The Google Image search for “Egon Schiele self-portrait” lingers among my browser tabs. Working in Austria primarily from 1907 to his death in 1928, Schiele inked dozens if not hundreds of self-portraits. In them, he is often naked, his body dark and twisted and his brow low. On my laptop screen he looks sick. The line of his skeleton is jagged, his watercolors burnt. The paper looks rusted, heated, mauled by pen and paint. He painted women, too, or girls, really. Usually poor, usually starved, often prostitutes. 

When I was a teenager, I was an artist. In painting and drawing classes I learned hundreds of names, people to model one’s work after. I chose Schiele and Alberto Giacometti over all the others, and maybe that choice alone should have told me there was something unhealthy about my taste in bodily aesthetics. But could I really know? I was just a young person with a buzzing mind and ravenous eyes and self-hatred in my heart. 

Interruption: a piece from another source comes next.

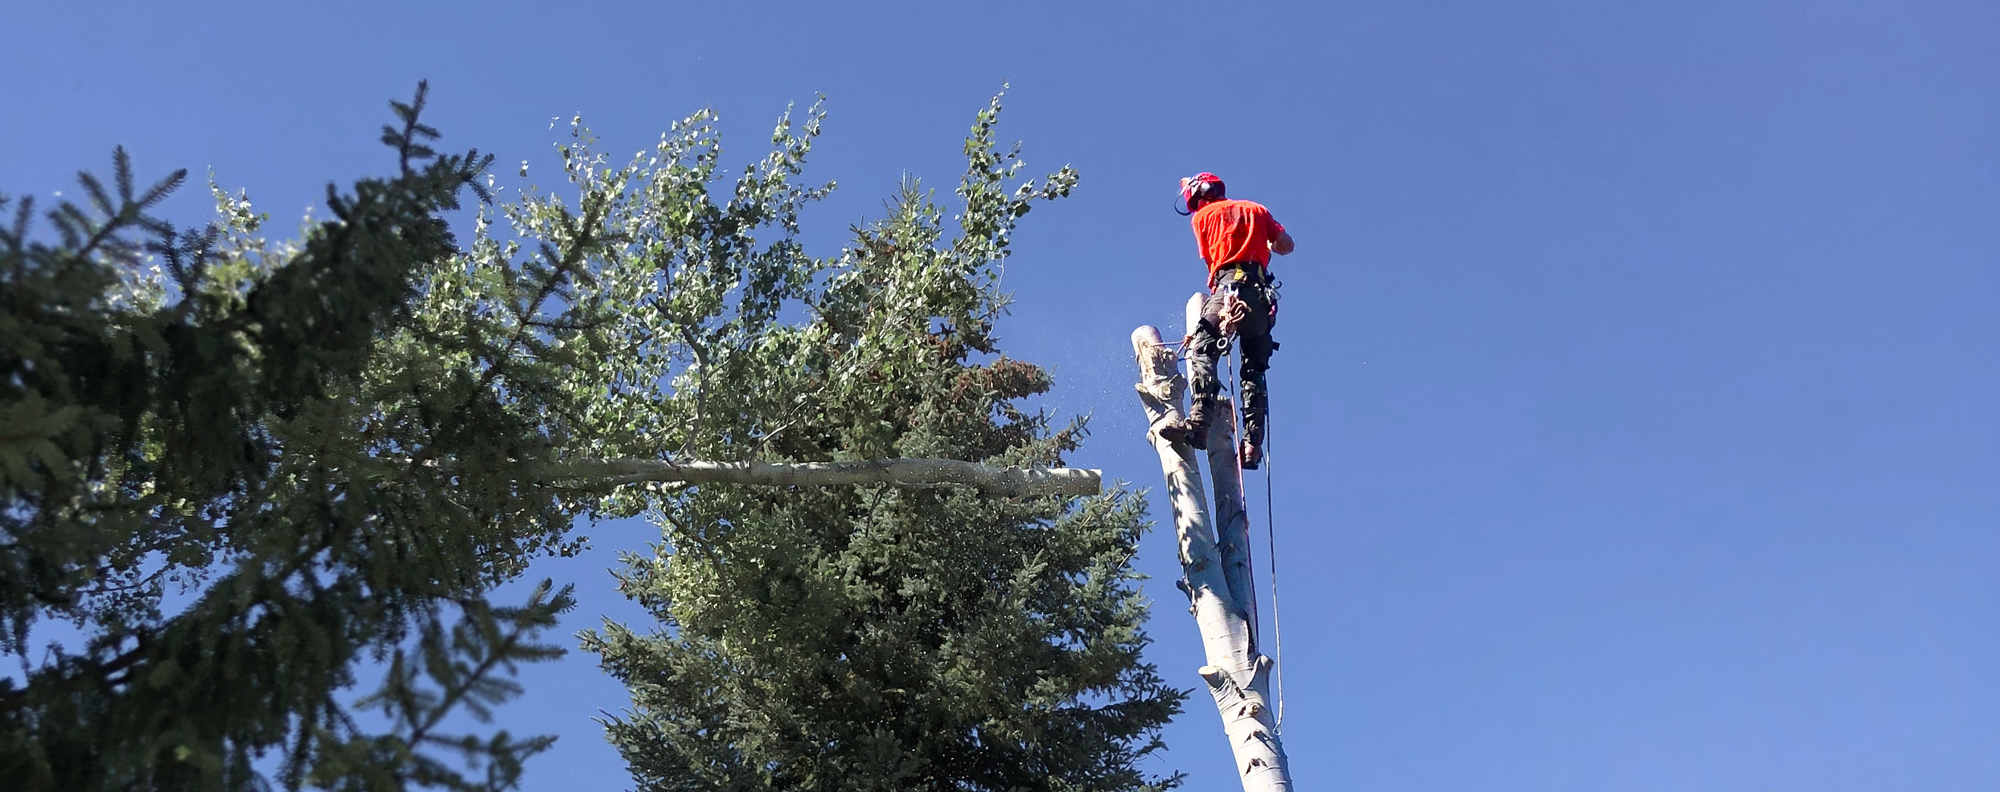 A Garibaldi Tree employee is cutting a down a tree in Pemberton, B.C. They are harnessed to the tree and have just cut the top of it off, which is falling to the ground.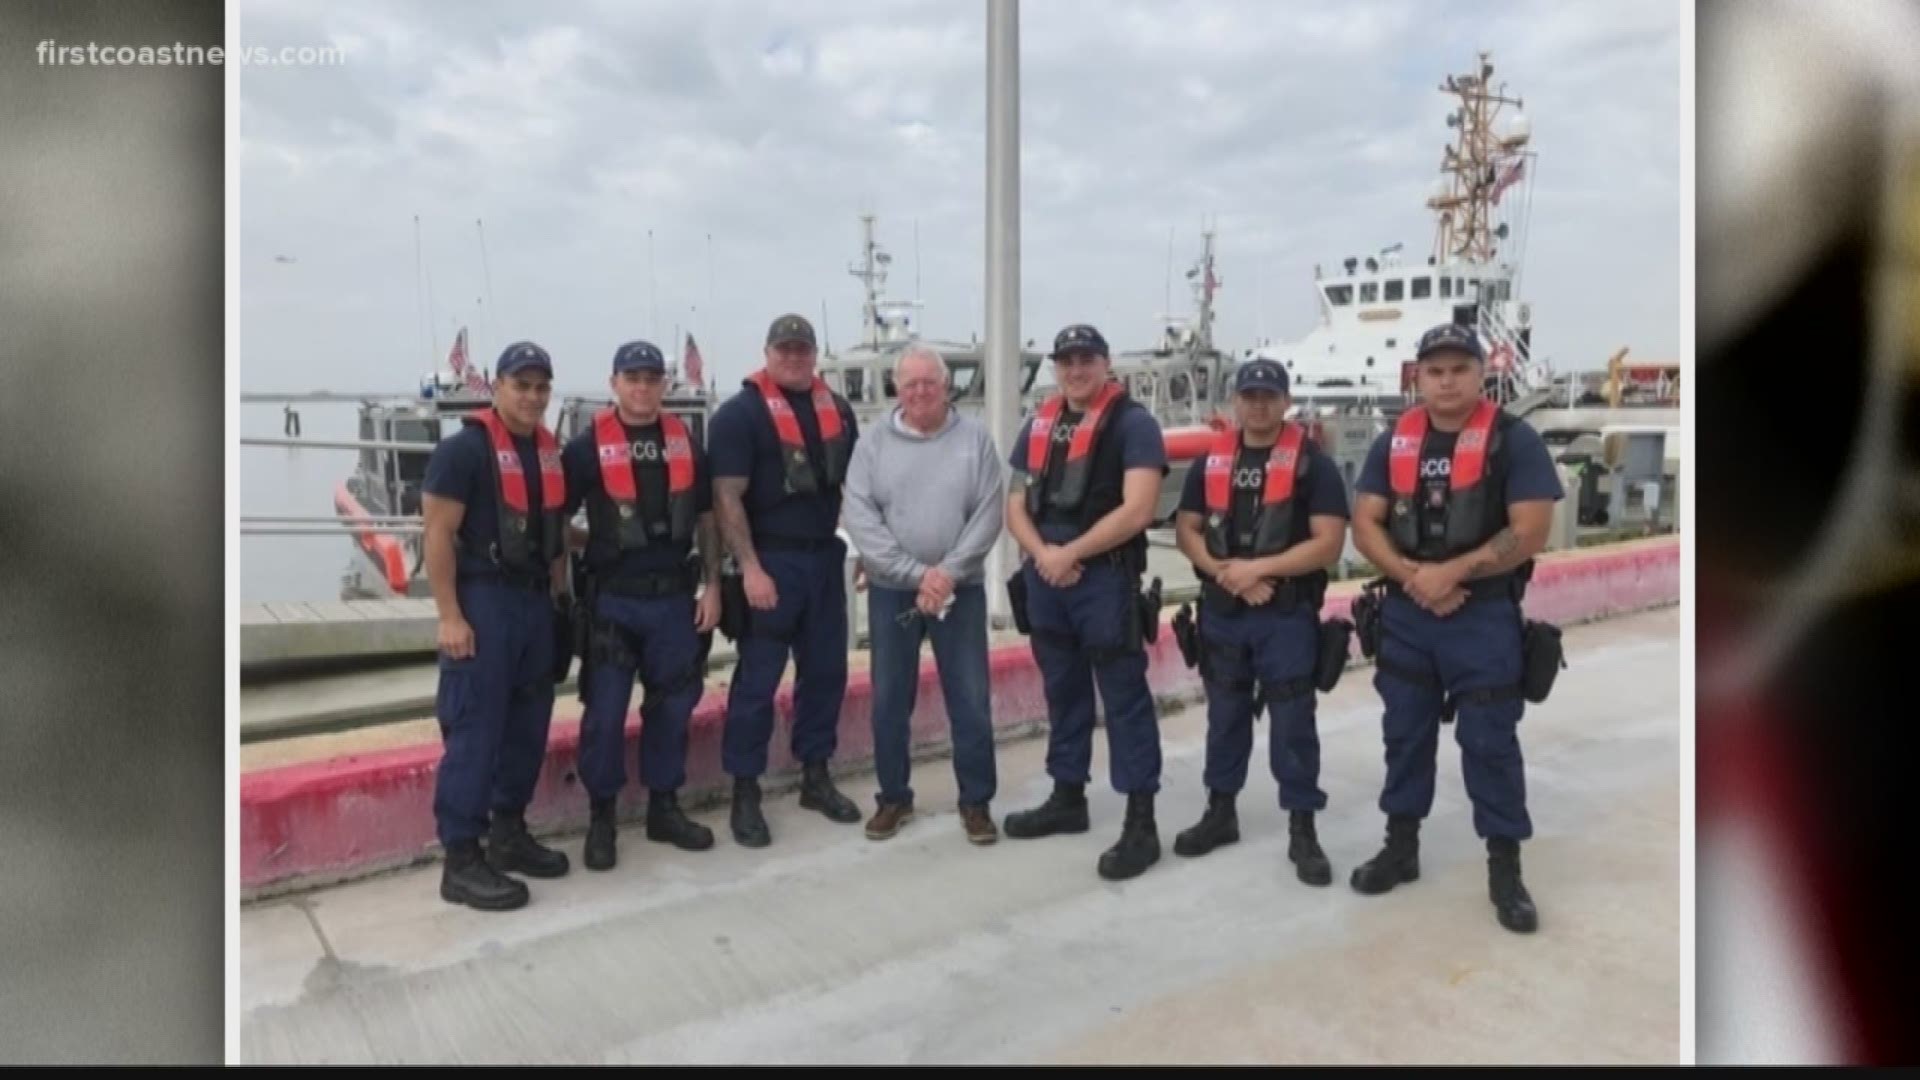 The United States Coast Guard was conducting law enforcement patrols around 11 a.m. when they saw a man holding on to a life ring in the middle of the inlet.

A European sculptor working in the first half of the 20th century, Giacometti focused primarily on what are ostensibly depictions of humans. The long, pulled-taffy bronze figures look like they are melting upward, disintegrating into the sky. Their torsos winnow, bodily isthmuses. In Sartre’s words, they are “always mediating between nothingness and being.” Giacometti was obsessive in his work and it showed. Critic Tony Dokoupil called him a “restless perfectionist.”

As a teenage artist, I wouldn’t let my boyfriend touch my belly. He could touch anywhere else he liked, but the belly, which was not flat and not hard, was off-limits. I drew a lot of self-portraits at that time, but only of my face and shoulders. I couldn’t bear to confront the rest of me with a pencil. Even so, my self-portraits are almost gruesome in their specificity, each shadow, line, and divot given equal import, resulting in drawing upon drawing of an unusually haggard young girl, fresh and round in life but made bloated and weary on the page.

I also liked to do line drawings of trees, and I preferred them without leaves, just twisted branches I could shape by drawing not the branches themselves but the negative space between them. My favorite trees were and remain birches. My body does not look like a birch. It does not look like a Giacometti statue or a Schiele drawing. It is defined by itself, its own topography, not shaped by the negative space around it. Sometimes it feels like it doesn’t have a silhouette at all, it just rises and falls and spreads out for eternity. 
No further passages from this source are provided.